Finmere is a village in Oxfordshire, south of the River Great Ouse, leaning up against the county's boundary with Buckinghamshire, formed by a lane cutting across the edge of the village. Finmere is almost four miles west of Buckingham and just over four miles east of Brackley in Northamptonshire. The 2011 Census recorded the parish's population as 466.

The name 'Finmere' is derived from the Old English for "pool frequented by woodpeckers".[1] The village includes the hamlet of Little Tingewick.

Archaeology

In 2000 archaeologists found evidence of Bronze Age, Iron Age and Roman activity in Finmere Quarry about three-quarters of a mile west of the village.[2] Five early Bronze Age cremation pits were excavated, and from one pit two collared urns were recovered.[3] The cremations were dated to about 2040 to 1880 BC.[4]

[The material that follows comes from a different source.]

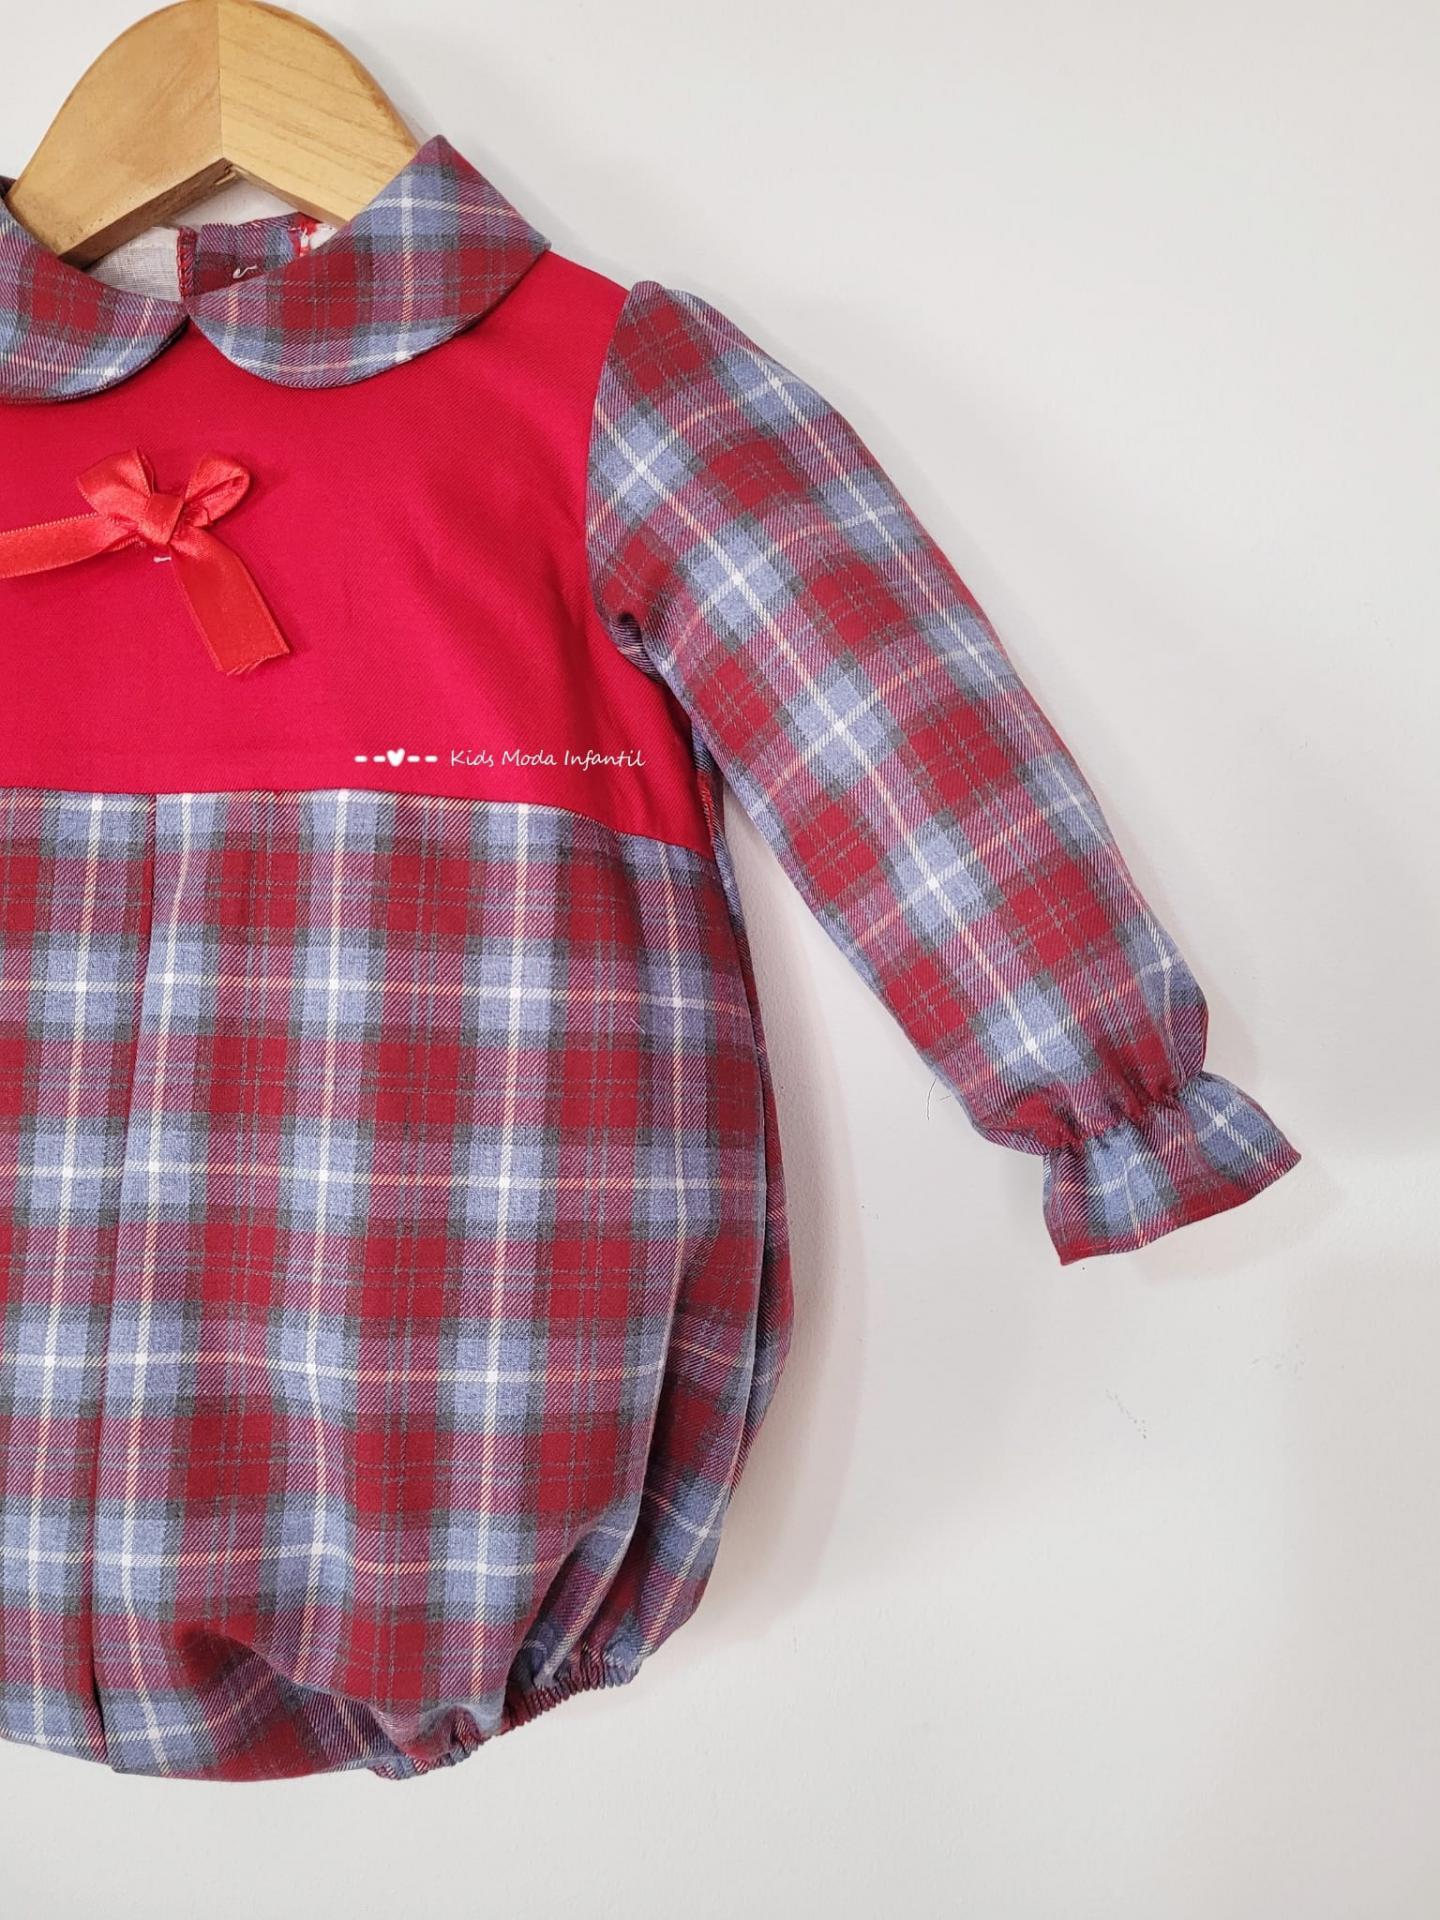 Pelele bebe rojo de cuadros estampados de Eva Class

The site of a late Iron Age settlement was found west of the cremation pits and just east of the trackbed of the former Great Central Main Line railway.[5] The settlement consisted originally of a number of roundhouses packed close together in a straight line, and then developed in phases with later structures overlapping the sites of some of the earlier ones.[6] Enclosures, presumably to contain livestock, were created at different times and in different shapes, with the outlines of some enclosures from different periods overlapping the sites of the roundhouses and each other.[6] Iron Age pottery recovered from the site suggests that the settlement was occupied in phases from the 4th to the 1st century BC.[4]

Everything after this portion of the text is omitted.